Pour cela, avec des écrans tactiles, elle a testé cette perception et préférence pour les individus prosociaux, à la fois chez les humains et chez les chimpanzés. «Tester la préférence en plus de la reconnaissance nous permet de mieux comprendre les processus cognitifs en jeu, reflétant la motivation envers un élément après qu’il ait été reconnu», décrit la primatologue. Son équipe a montré aux participant-es des vidéos où un individu agissait sur un autre, de manière prosociale, neutre, ou antisociale, déterminé par des évaluateur-rices externes. Après chaque vidéo, chimpanzés et humains pouvaient toucher l’un des deux individus, indiquant ainsi leur préférence.
L’expérience a été réalisée sur les deux espèces de manière similaire: les chimpanzés du Zoo de Bâle interagissaient avec l’écran tactile à travers une boîte en Plexiglas dans leur enclos, et les humains utilisaient un écran similaire dans un bureau de l’université. Pour la chercheuse, «l’idée était de rendre les environnements de tests aussi comparables que possible pour les espèces».
Tel humain, tel chimpanzé
En comparant les réponses des humains et des chimpanzés, les chercheur-ses n’ont trouvé aucune différence notable. «Dans les deux espèces, le choix était influencé de manière similaire par la prosocialité perçue de l’individu», rapporte Sarah Brocard. «D’après nos résultats, les humains et les chimpanzés ne divergent pas dans leur manière de percevoir et de choisir entre les individus dans les interactions avec des tiers.»

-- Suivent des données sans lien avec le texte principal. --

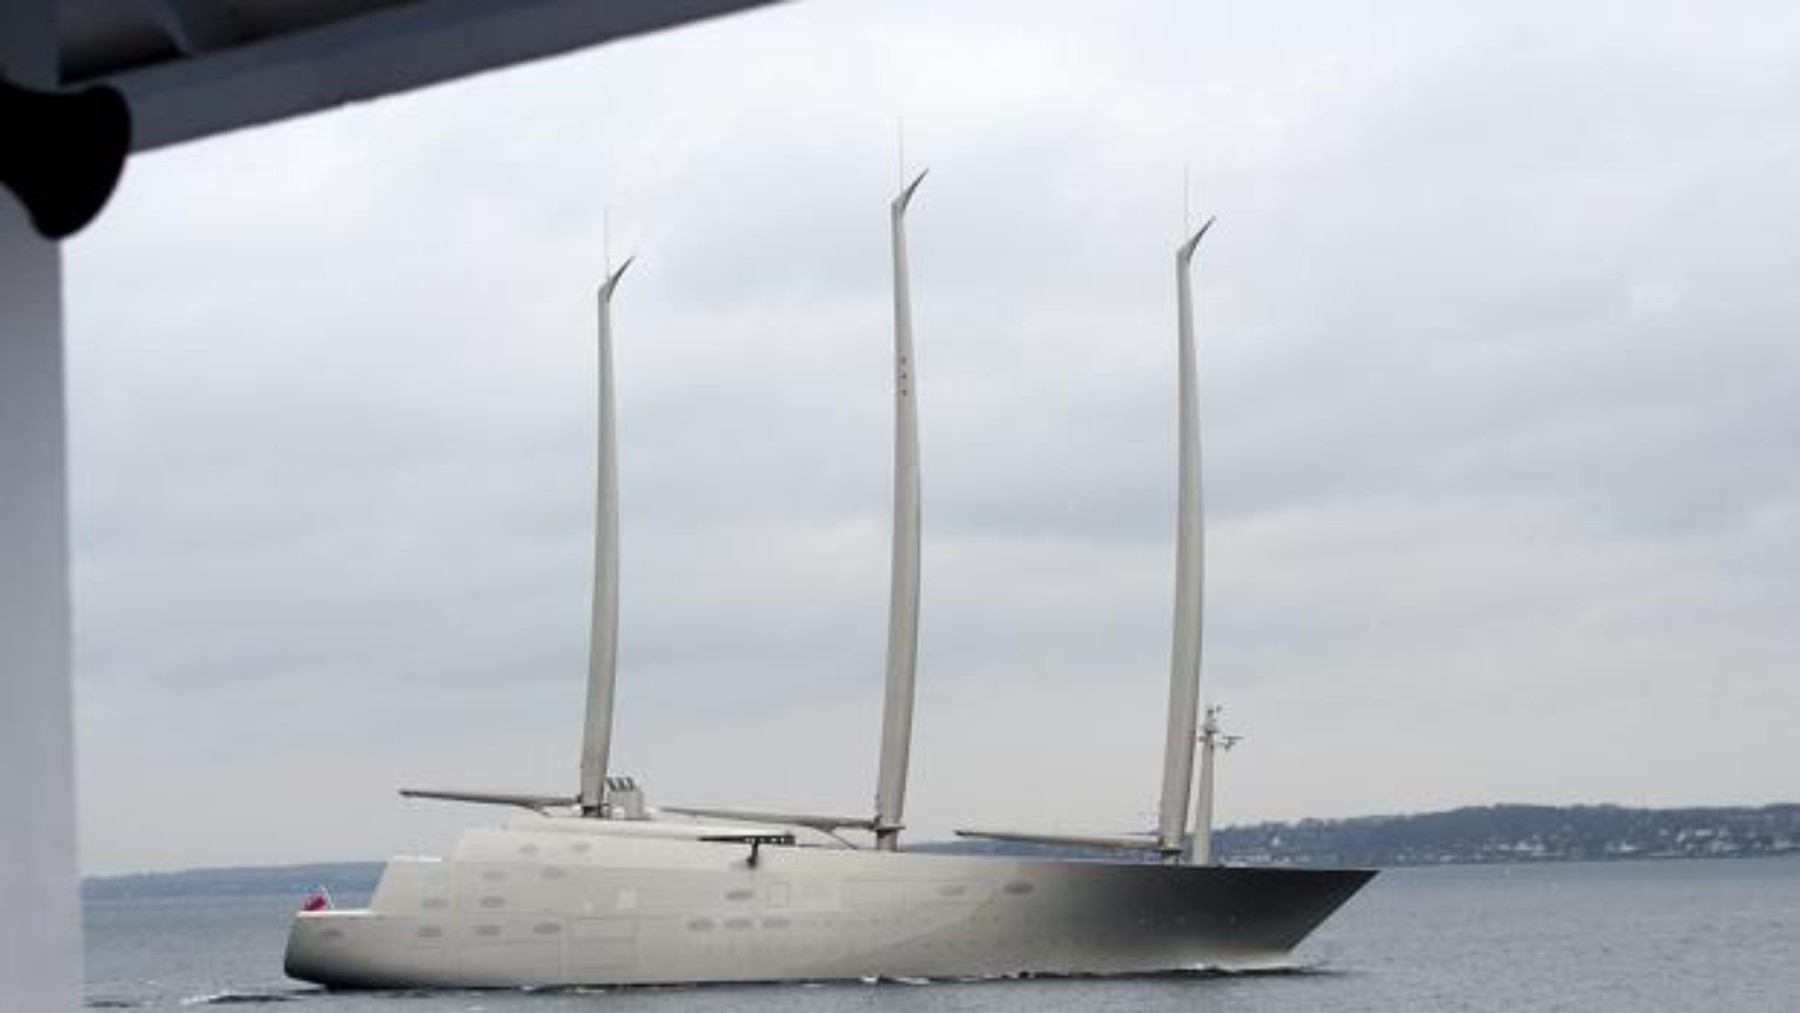 El ‘Sailing Yacht A’, el velero más grande del mundo. (Foto KELD NAVNTOF)T

Bien qu’iels n’aient pas été surpris-es de trouver une préférence pour les individus prosociaux chez les chimpanzés, iels s’attendaient à ce qu’ils préfèrent aussi les individus antisociaux, au vu d’études précédentes. «Cette absence de préférence était un peu inattendue, et elle a renforcé l’idée que les humains et les chimpanzés ne sont pas différents sur ce point», partage la chercheuse.
Dans des recherches futures, elle aimerait tester des chimpanzés de différents groupes, avec des niveaux variables de tolérance sociale, puisque cela pourrait influencer les comportements prosociaux. «Idéalement, nous aimerions aussi étendre notre sélection de vidéos pour inclure un éventail plus large de comportements, de plus fortement antisocial à plus fortement prosocial», ajoute-t-elle.
Langage et évolution
«La coopération et éventuellement l’hypercoopération, peut seulement évoluer si les individus peuvent percevoir les interactions comme coopératives ou prosociales», dit Sarah Brocard. Cette capacité perceptuelle est un prérequis pour que ces comportements voient le jour.
Le groupe de recherche a précédemment démontré que les humains et les chimpanzés partagent un biais cognitif envers les agents, c’est-à-dire celui qui accomplit une action. Ce préjugé commun a peut-être influencé la manière dont nos ancêtres percevaient les événements sociaux, contribuant à organiser leur perception de manière à favoriser le développement d'une communication plus complexe, et finalement du langage. «Dans cette étude, nous souhaitions déterminer si ce biais cognitif pouvait être influencé par la prosocialité de l’agent», explique la chercheuse. «Nos résultats suggèrent que les différences entre les chimpanzés et les humains que nous voyons aujourd’hui en matière de coopération et de communication ne proviennent pas de la façon dont notre dernier ancêtre commun percevait le comportement social, mais plutôt de ce qui a évolué par la suite à partir de cette base perceptuelle commune», conclut-elle.